EXERCISE DATA:
* * * * *
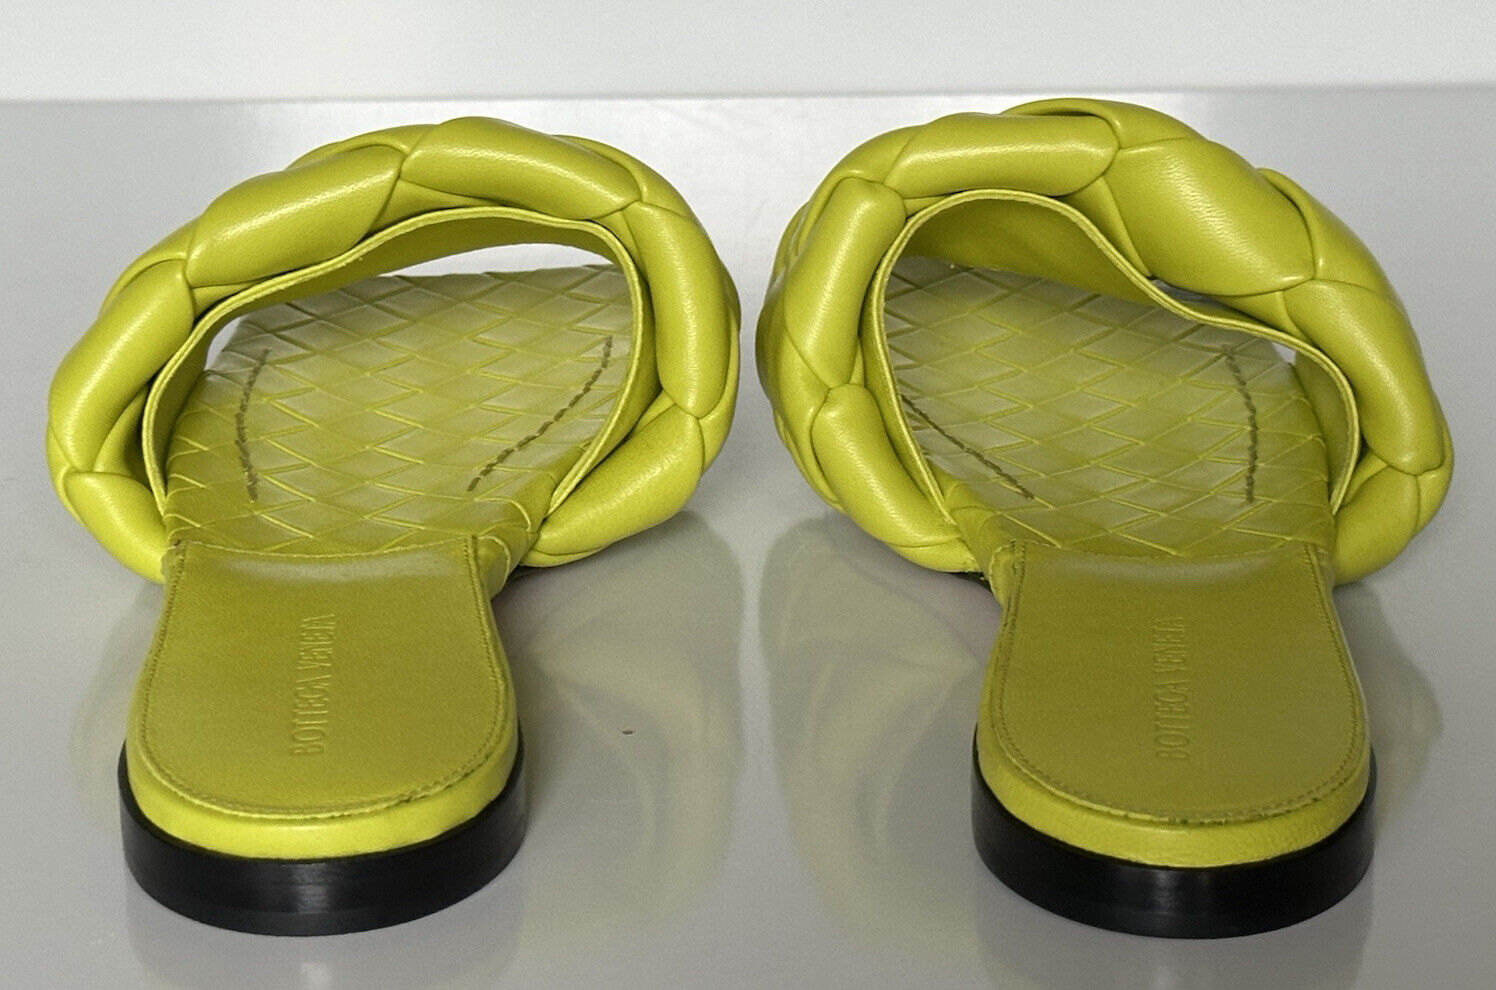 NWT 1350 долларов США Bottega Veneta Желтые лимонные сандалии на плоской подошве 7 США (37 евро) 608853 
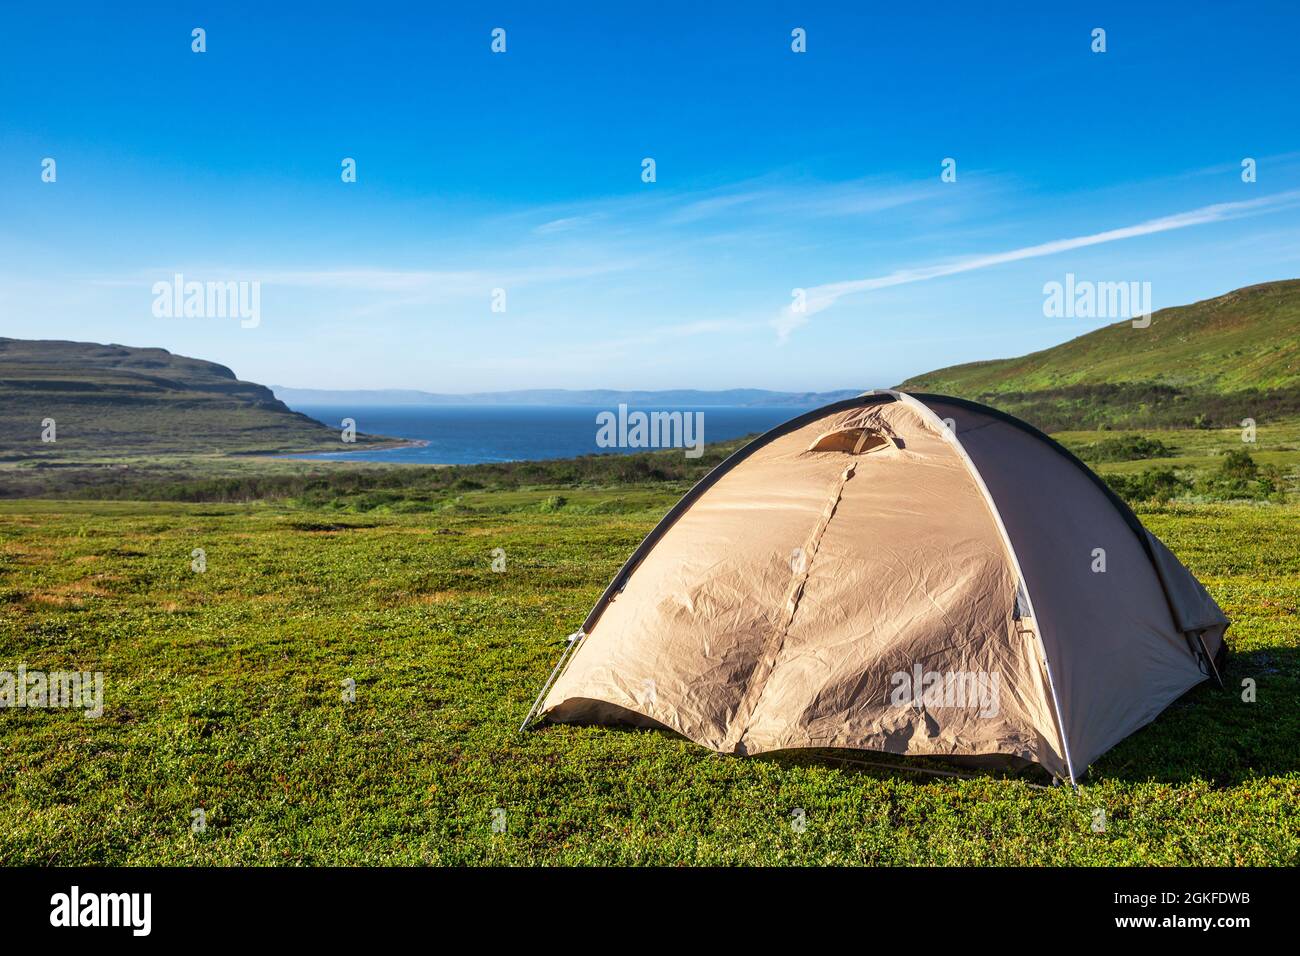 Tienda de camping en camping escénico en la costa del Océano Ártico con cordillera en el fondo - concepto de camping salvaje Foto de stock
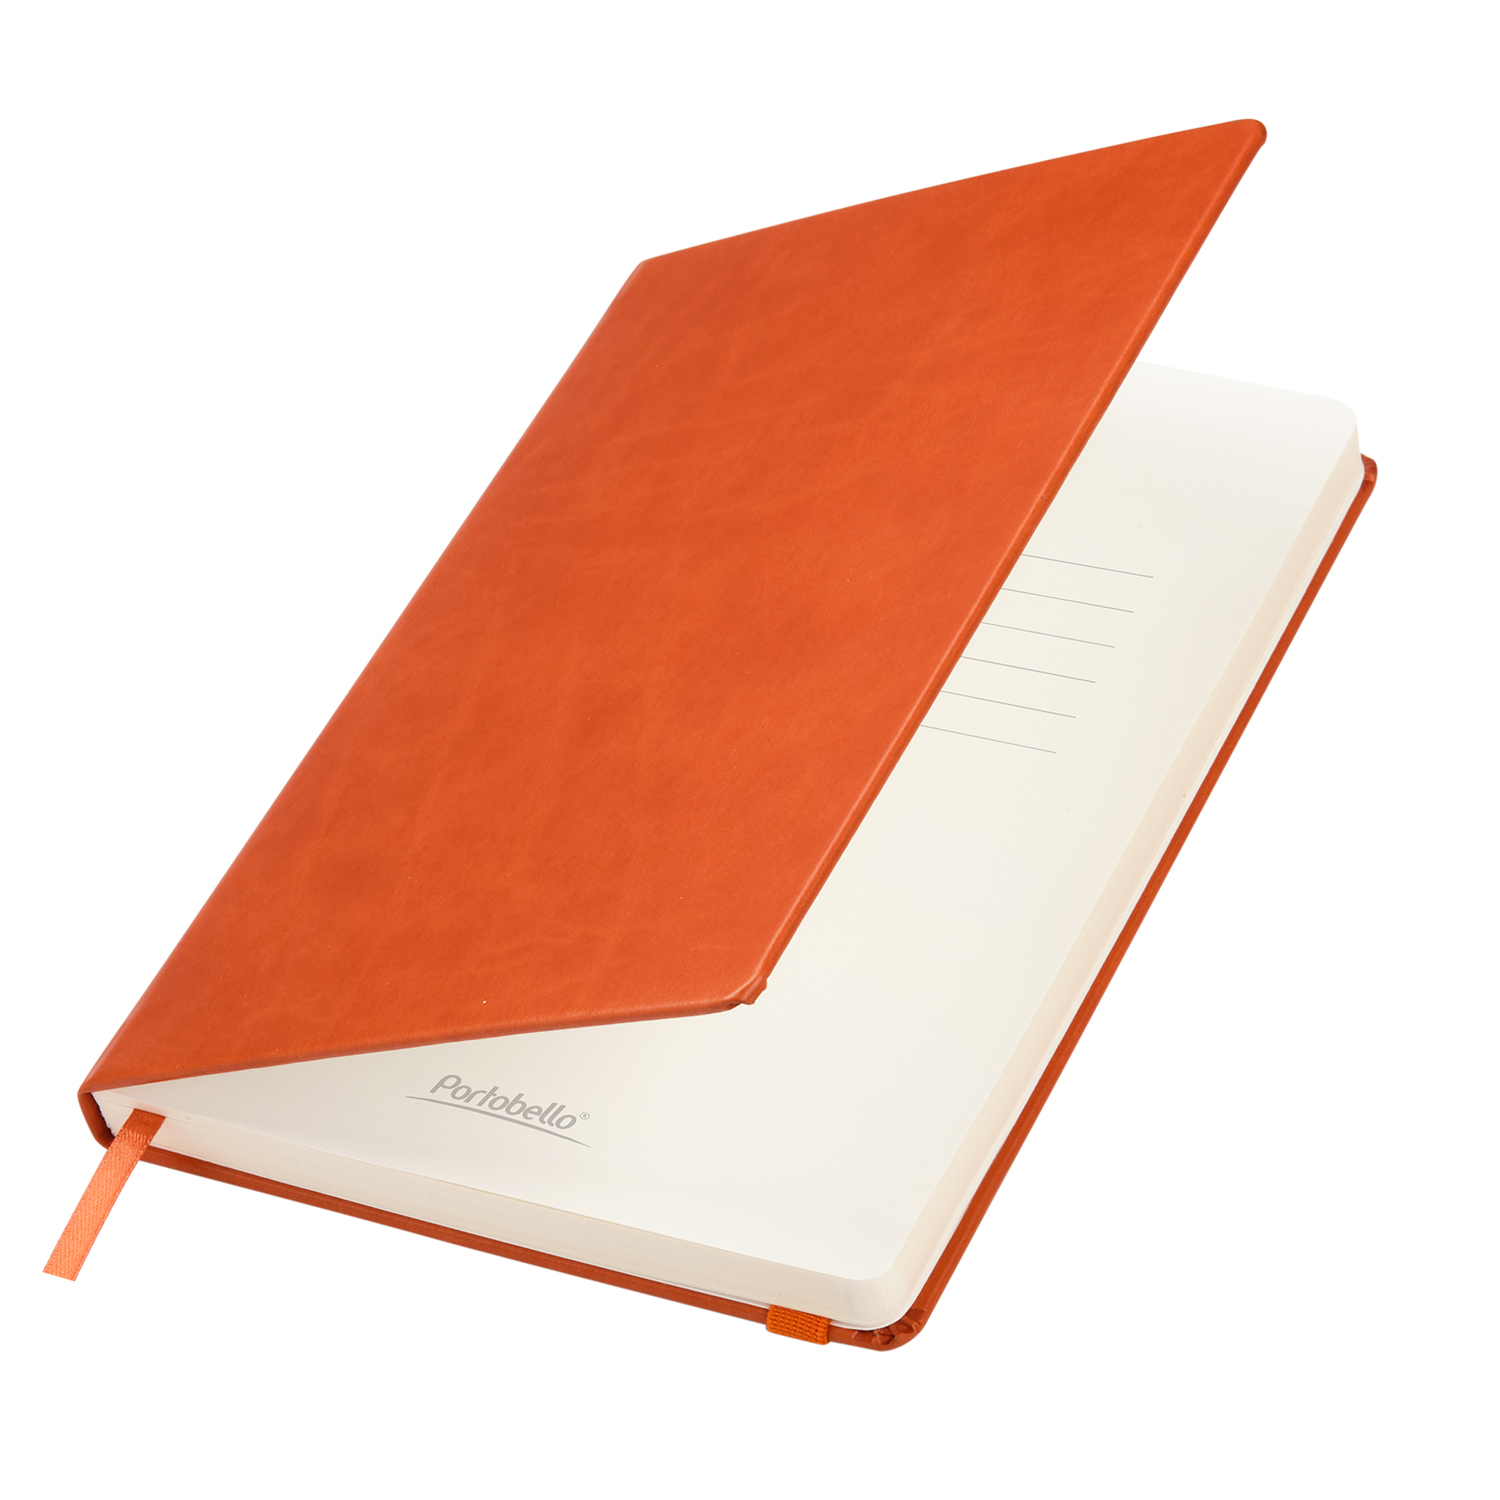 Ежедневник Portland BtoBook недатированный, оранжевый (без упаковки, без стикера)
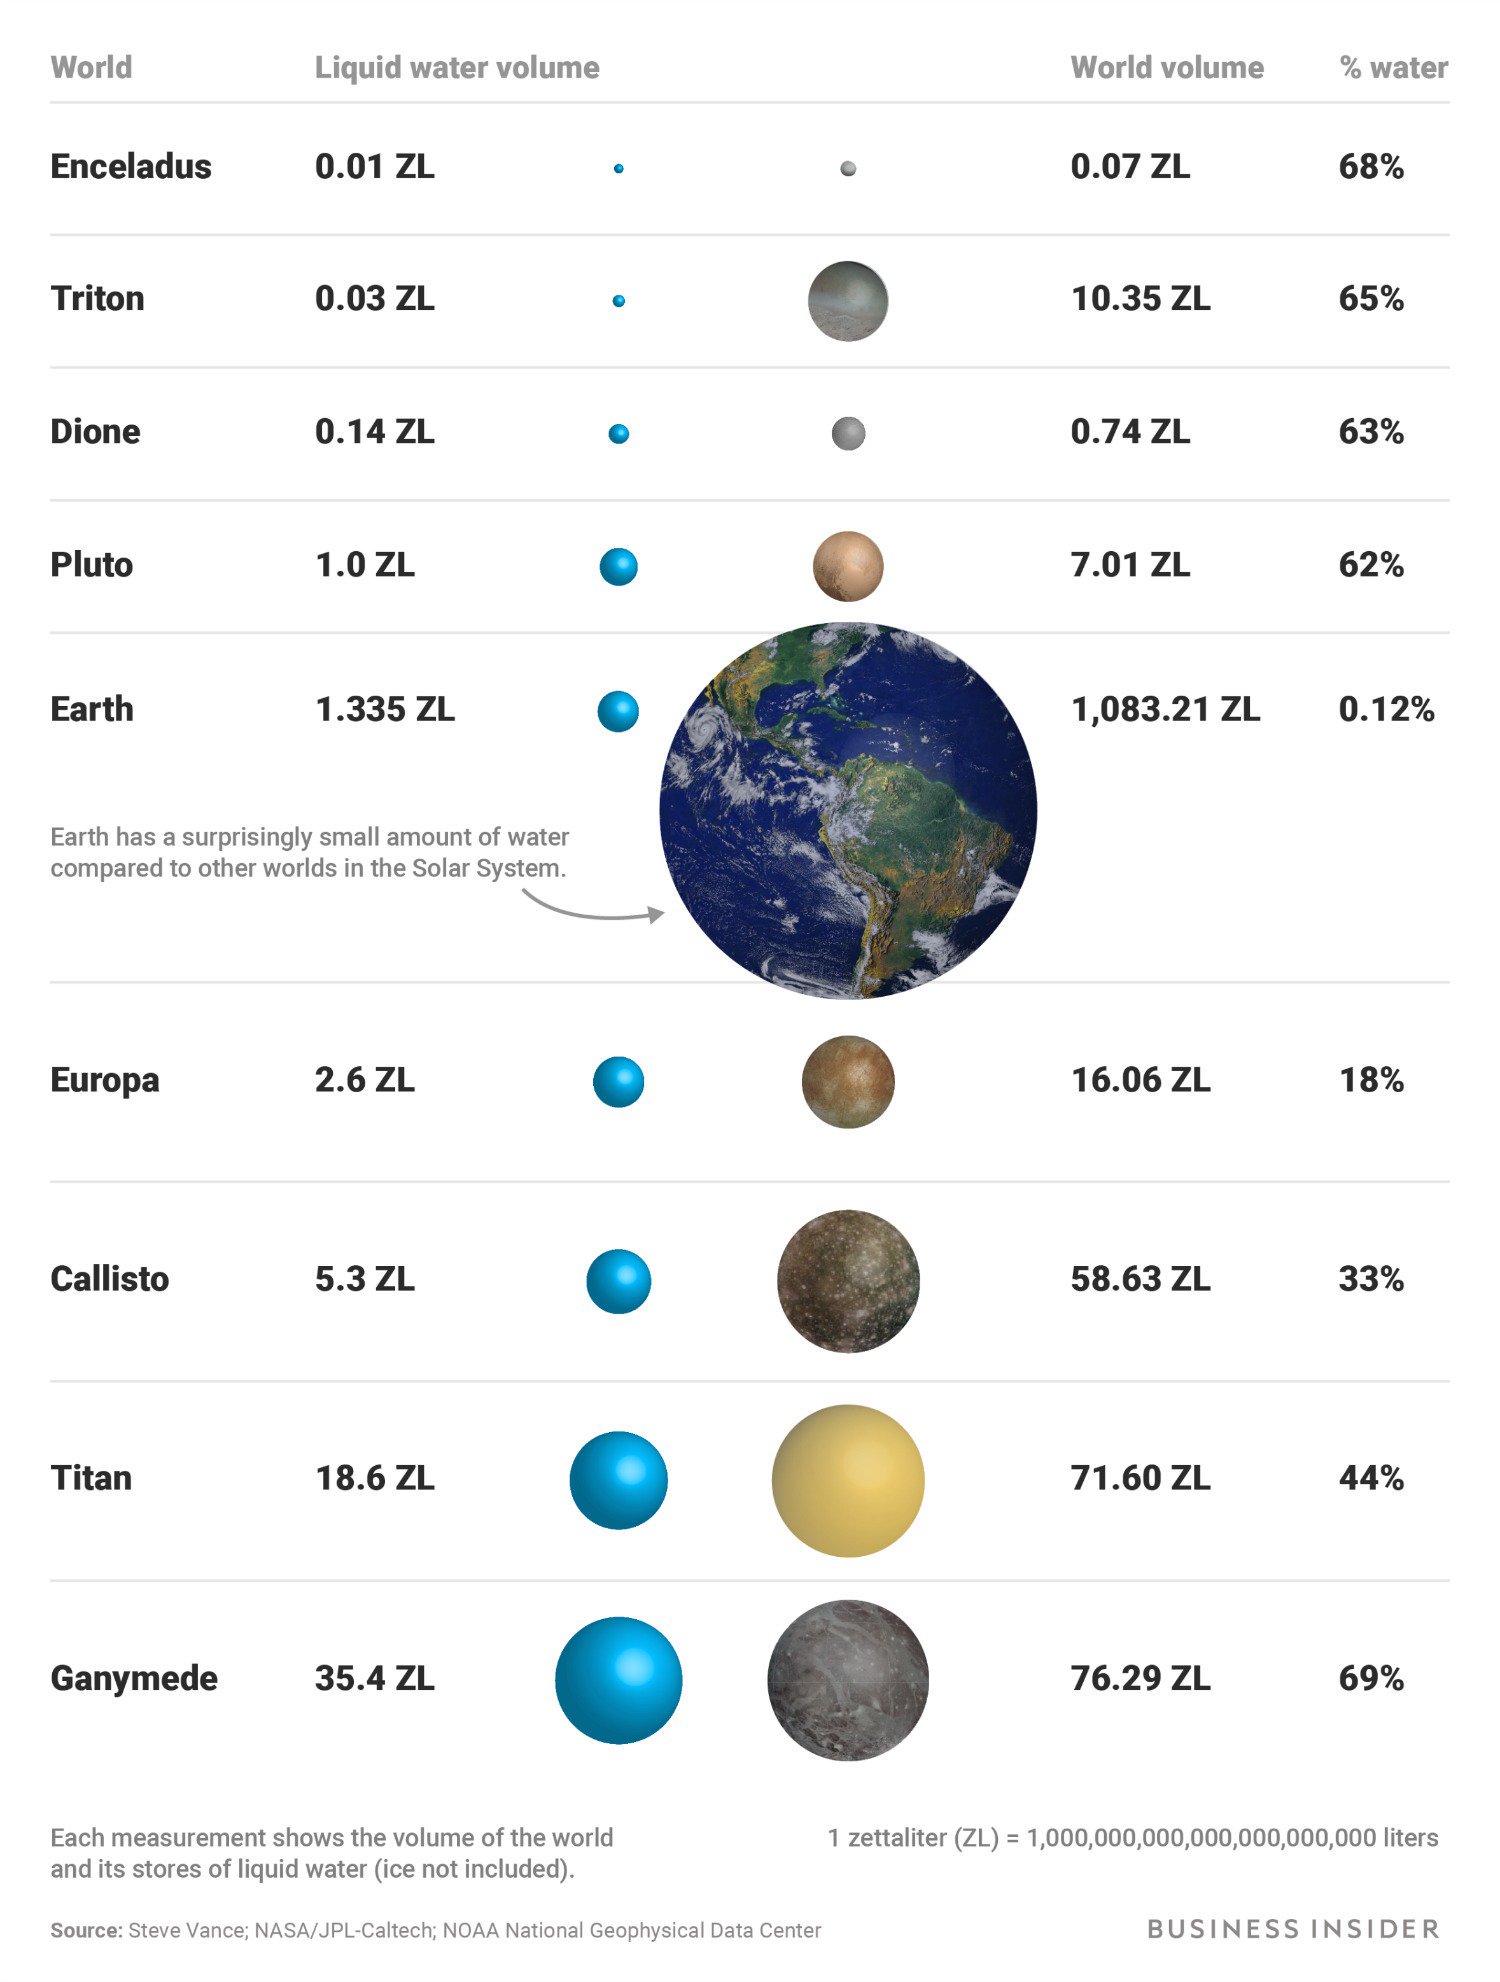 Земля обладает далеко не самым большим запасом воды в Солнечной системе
* * * * *
EXERCISE: Return all of the material above unchanged, minus its pictures.

COMPLETED TASK:
 NWT 1350 долларов США Bottega Veneta Желтые лимонные сандалии на плоской подошве 7 США (37 евро) 608853 
 Tienda de camping en camping escénico en la costa del Océano Ártico con cordillera en el fondo - concepto de camping salvaje Foto de stock
 Ежедневник Portland BtoBook недатированный, оранжевый (без упаковки, без стикера)
 Земля обладает далеко не самым большим запасом воды в Солнечной системе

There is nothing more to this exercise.